Modeling sparse data with hurdle models

So, how did we reconcile these two worlds?  We used hurdle models, which can handle “zero count” events when no business is coming in (e.g., holidays, certain days when a business is closed, seasonal businesses only open during certain months of the year).  This approach gives us an extra level of flexibility for smoothing out the data to effectively support cash flow planning scenarios for a range of business models.

But, as we’ve discovered all too well—and especially in the times of COVID-19—we no longer live in a world in which we can treat economic crises as once-in-a-generation events. What were anomalies in the past now need to be factored into our approach to AI/ML models.

So, that’s what we’re doing. Dealing with data from the past few months to model this out.  We’re exploring new algorithms that can handle sudden shifts and changes to help small business owners be able to say, “Okay, I’m going through this really tough time, and need to understand what my sales and revenue will look like in the future.  I know that the rate and volume of sales won’t be where it was before, but can my business survive through the end of the year as the economy begins to open back up?”

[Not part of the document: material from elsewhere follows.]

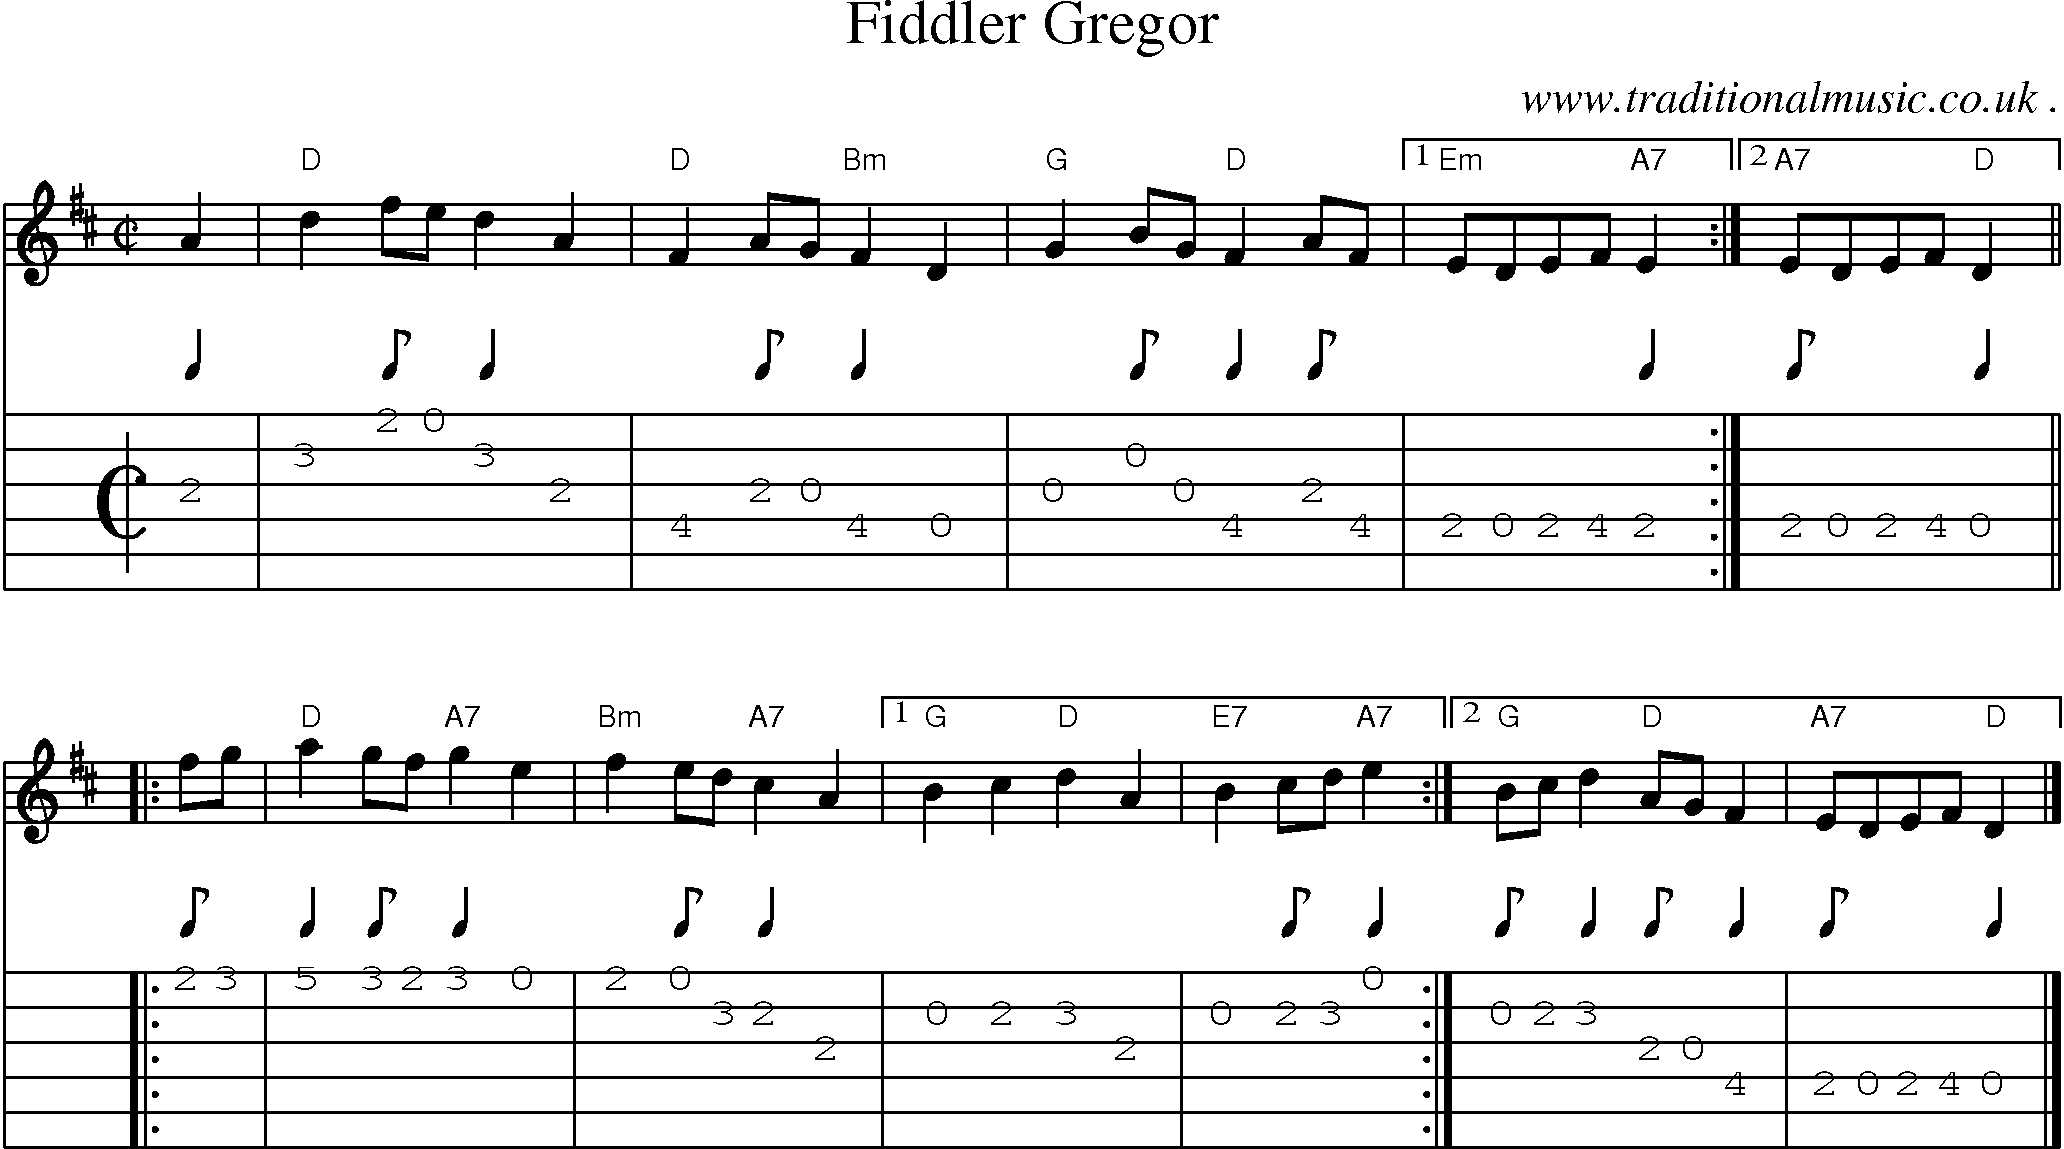 Sheet-music  score, Chords and Guitar Tabs for Fiddler Gregor

As data scientists here at Intuit, what we find most satisfying is tackling really big problems that make a difference in the everyday lives of people. That’s why our AI/ML team has been so pleased to hear from customers  that our cash flow planner is doing just that—and why we’re so committed to seeing them through to a better day.

“It’s critical, because it lets us know how we’re doing, are we financially healthy, if the next few months are going to be difficult, if there are purchases that don’t need to be made.”

“It helped me tremendously to be able to juggle expenses with people. I was able to not have to lay off anybody, and it helped us to identify which people would be willing to stretch my payroll until orders get placed again.”

What’s next?
As you can see in this blog, the cash flow problem is incredibly complex. When we set out on this innovation journey, we built our models for the US population. During the pandemic, we opened up the cash flow planner to reach a broader audience of small business customers in the UK and Australia, where we also serve small businesses with QuickBooks Online.

There are so many different types of small business circumstances to take into consideration—and distinct cash flow streams requiring finely-tuned individual models—each with the possibility of making a huge difference in the financial health of small business owners.

The same is true for consumers, like you and me.

In the future, we’ve set our sights on expanding the cash flow planner from small businesses to consumers. With access to intuitive AI-driven personal finance tools, more people will  have the information they need to better manage the ebbs and flows of their cash flow. Even better,  they’ll be untethered from the tedium of manual spreadsheets for greater efficiency and accuracy.